**To do**: Images should be omitted while the rest of the data is duplicated exactly.

**Data segment**:
=== Section Start ===

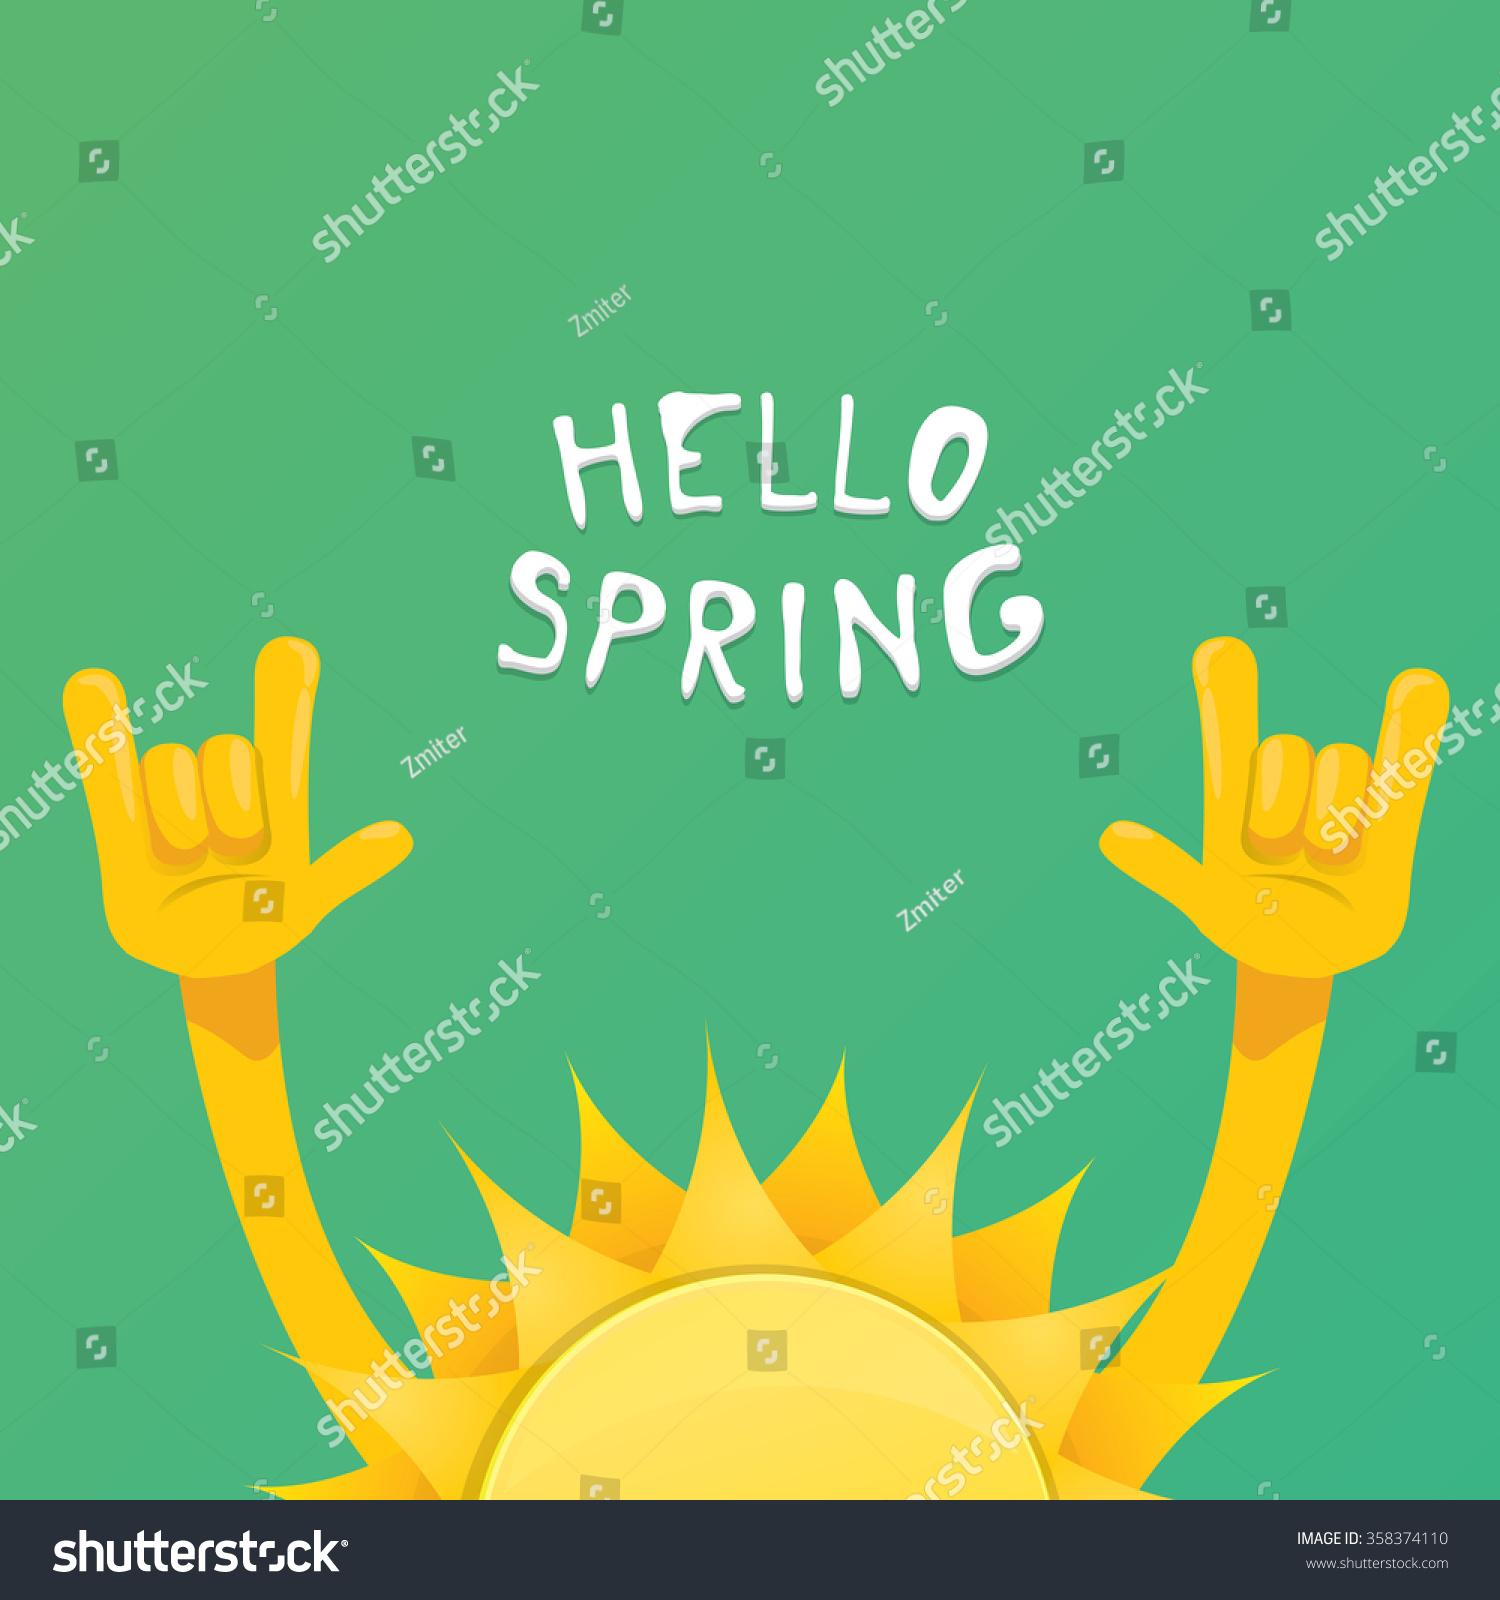 Rock n roll poster design - Sun Hand Rock N Roll Icon Vector Illustration Spring Or Summer Rock Concert Poster Design
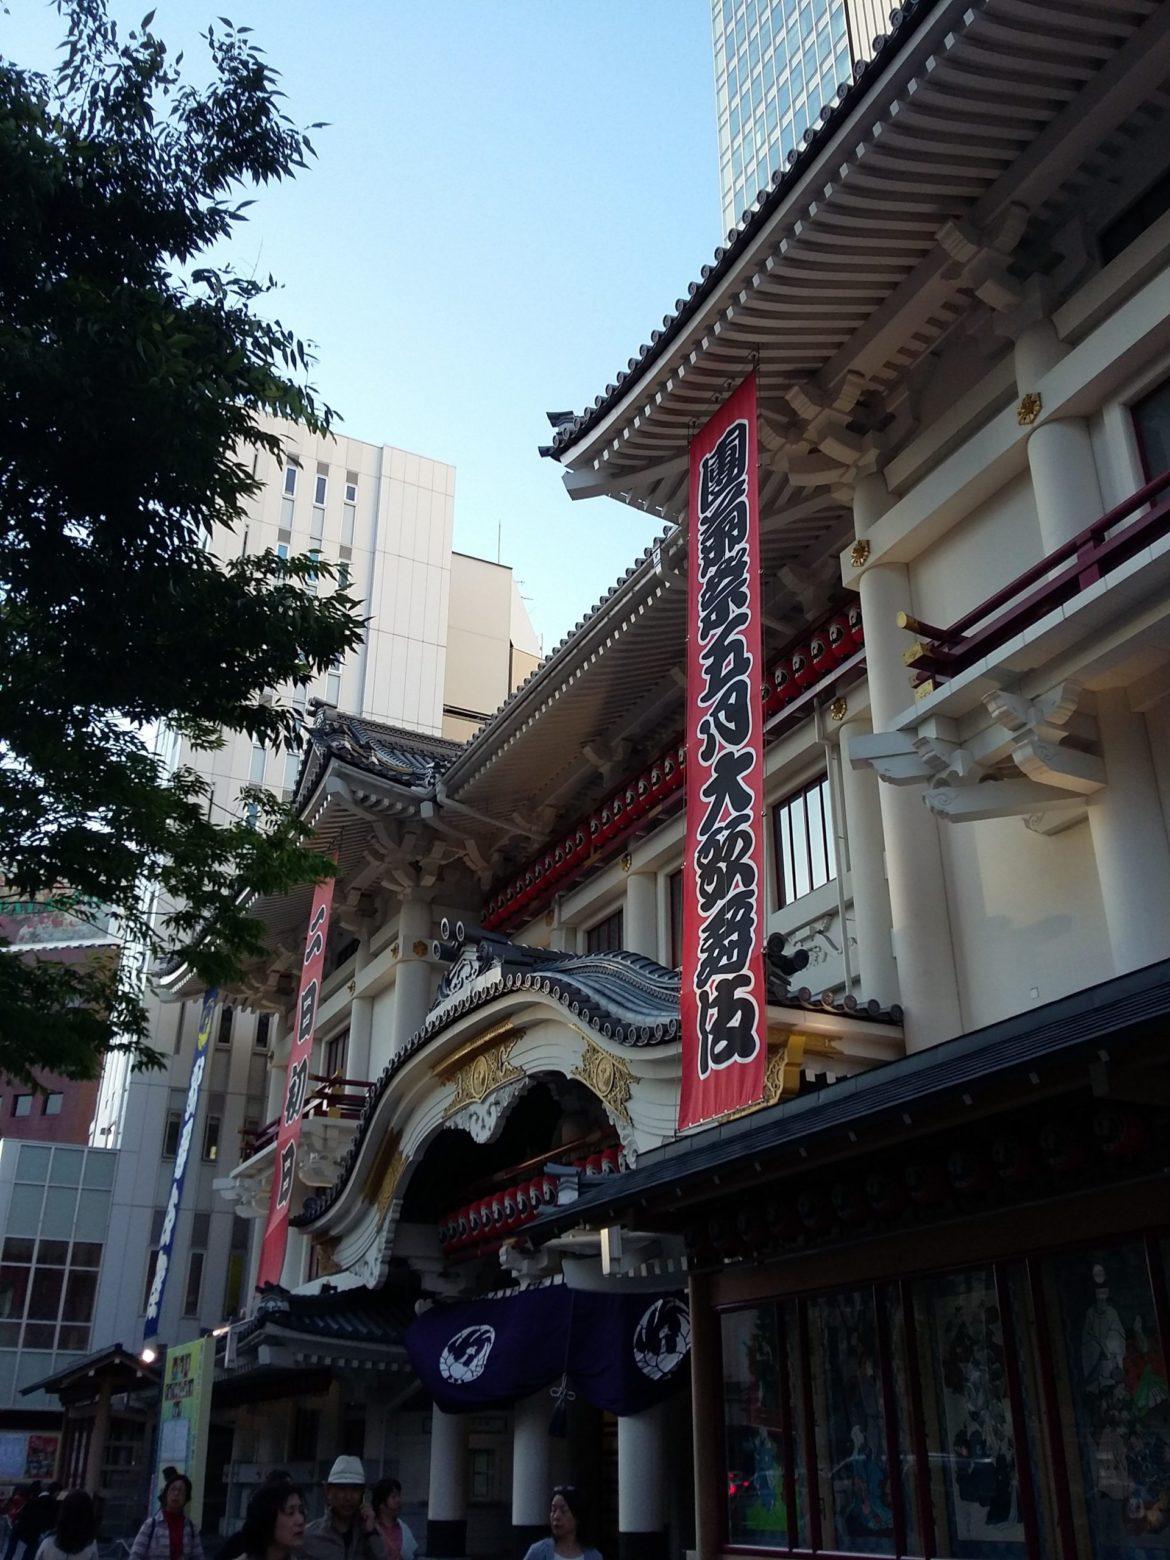 Tokyo_Ginza_Kabukiza_TeaVoyages.com
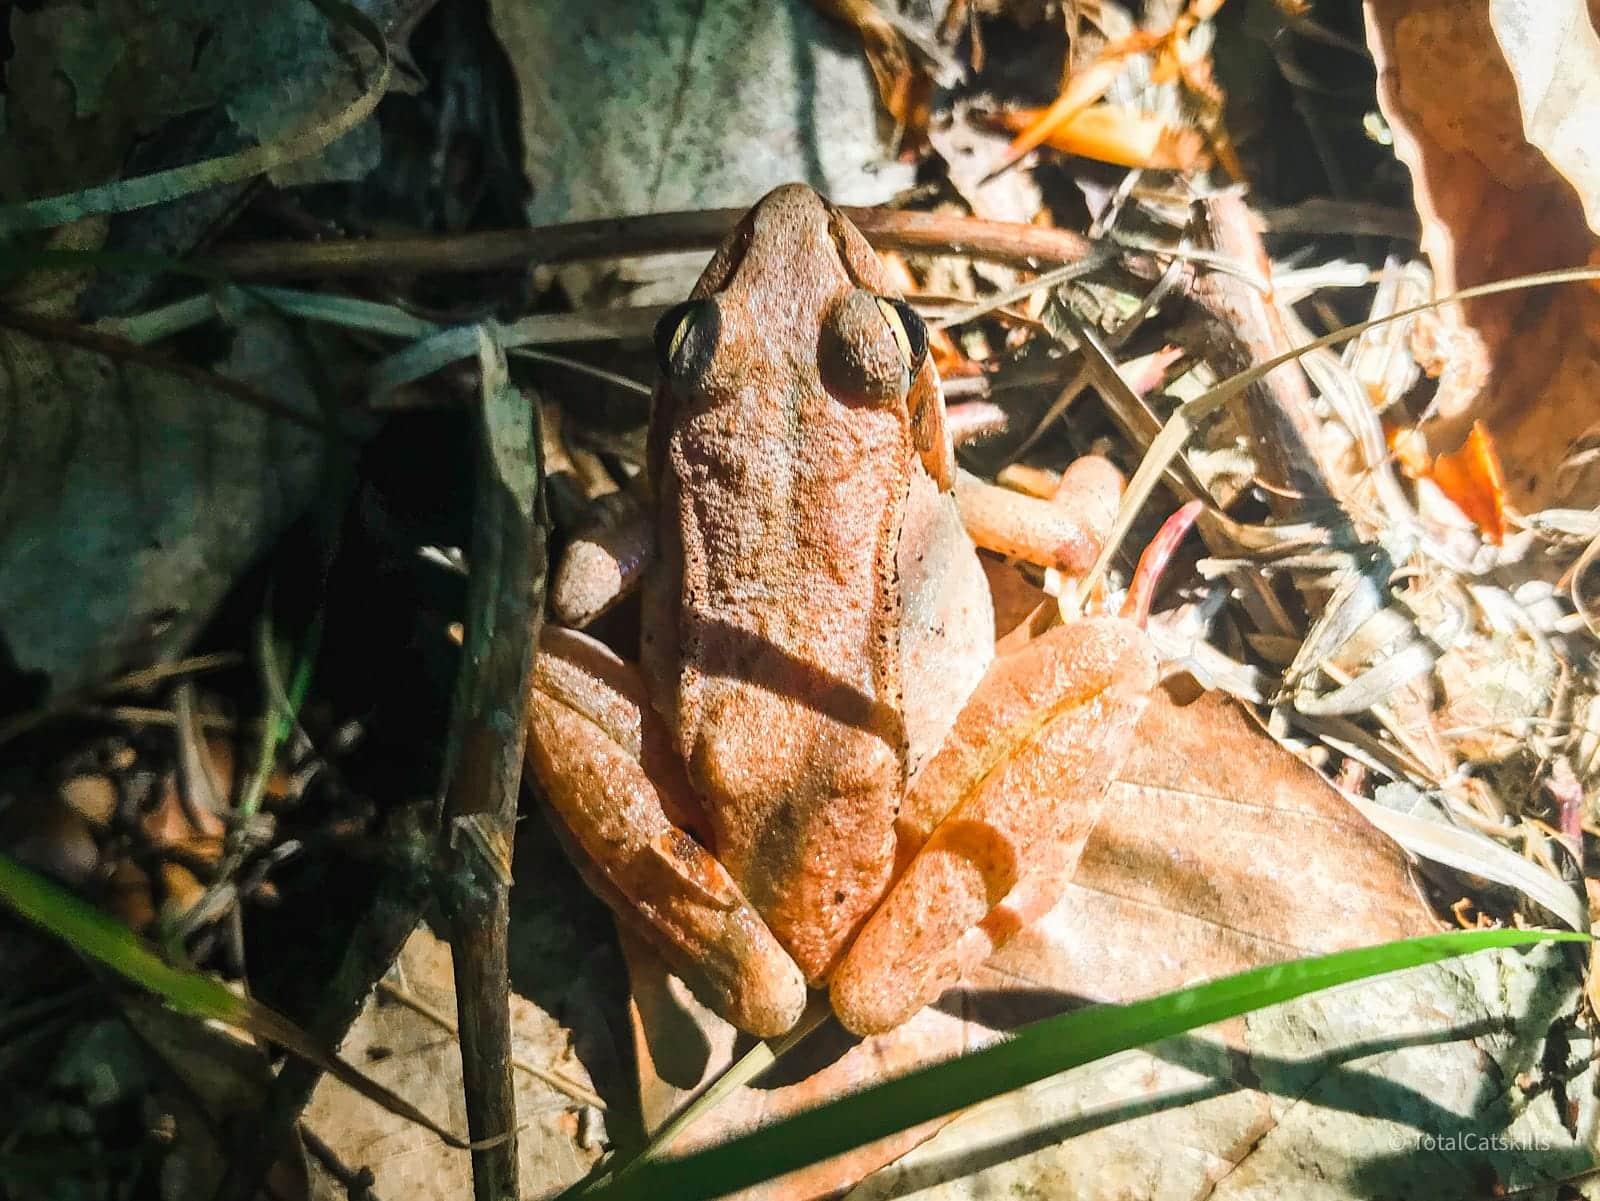 wood frog among grass and dried foliage
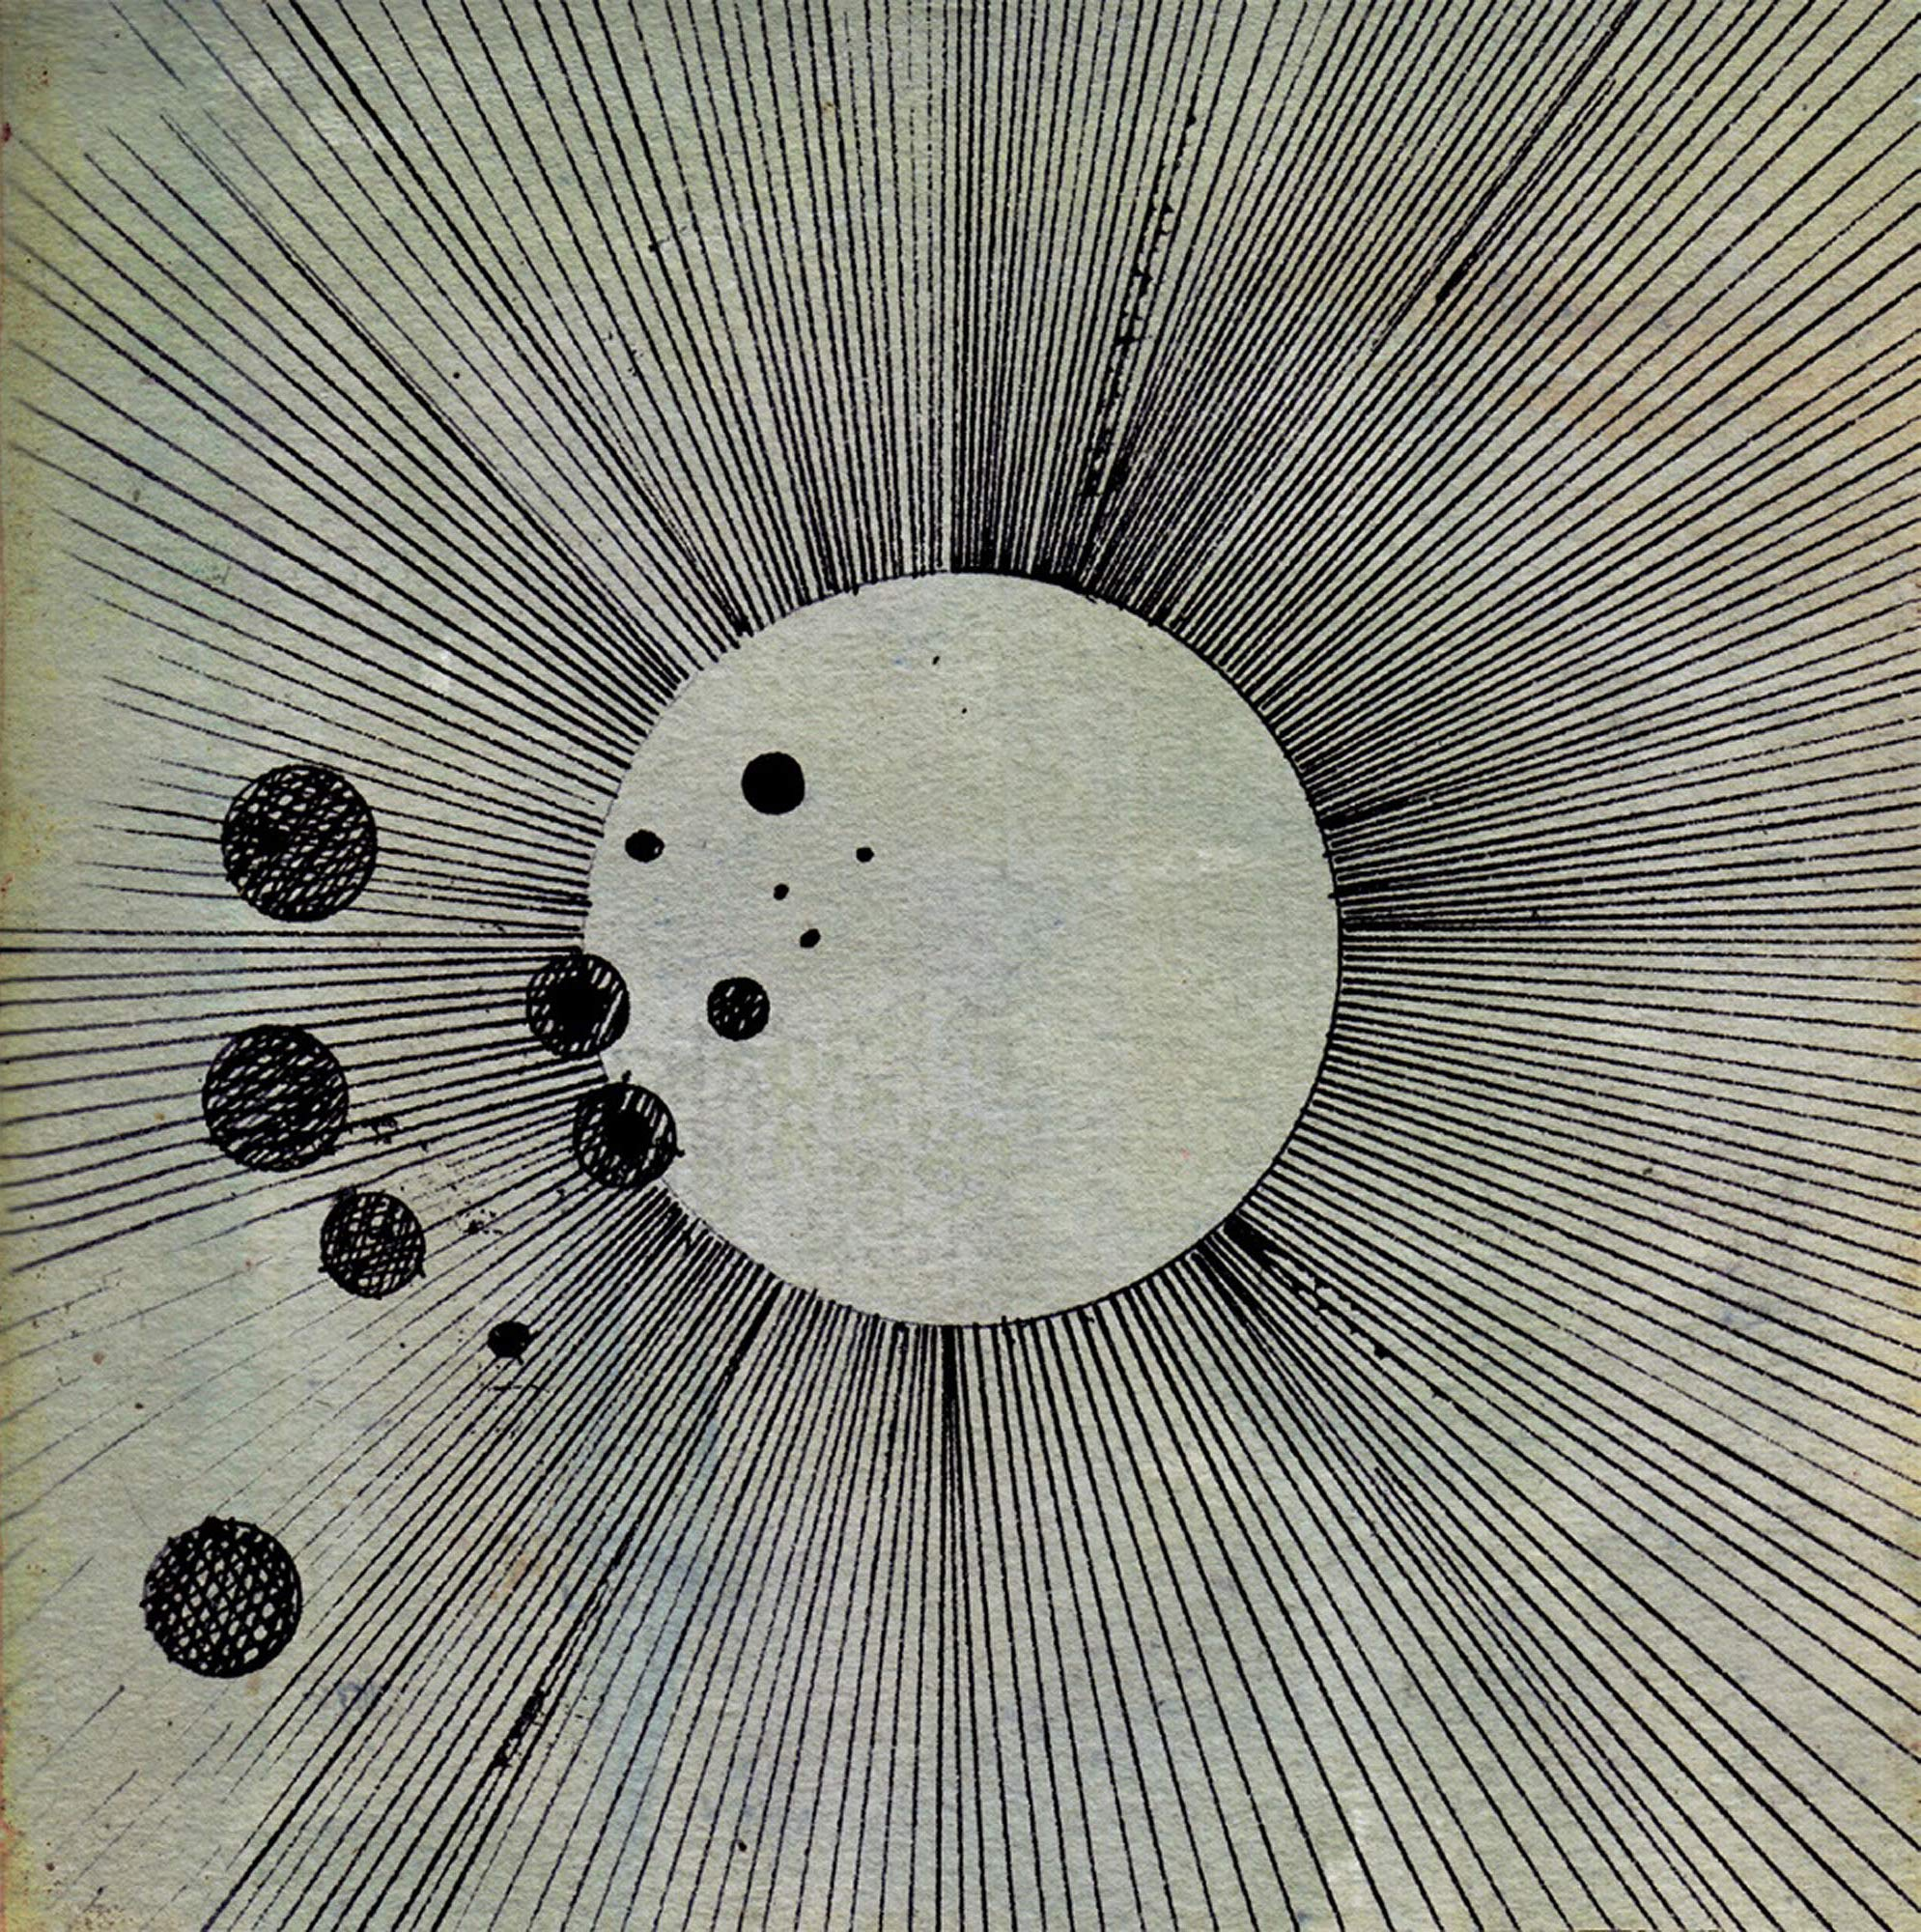 Cosmogramma [Vinyl] by VINYL

=== Section End ===

**Task answer**:
 Rock n roll poster design - Sun Hand Rock N Roll Icon Vector Illustration Spring Or Summer Rock Concert Poster Design
 Tokyo_Ginza_Kabukiza_TeaVoyages.com
 wood frog among grass and dried foliage
 Cosmogramma [Vinyl] by VINYL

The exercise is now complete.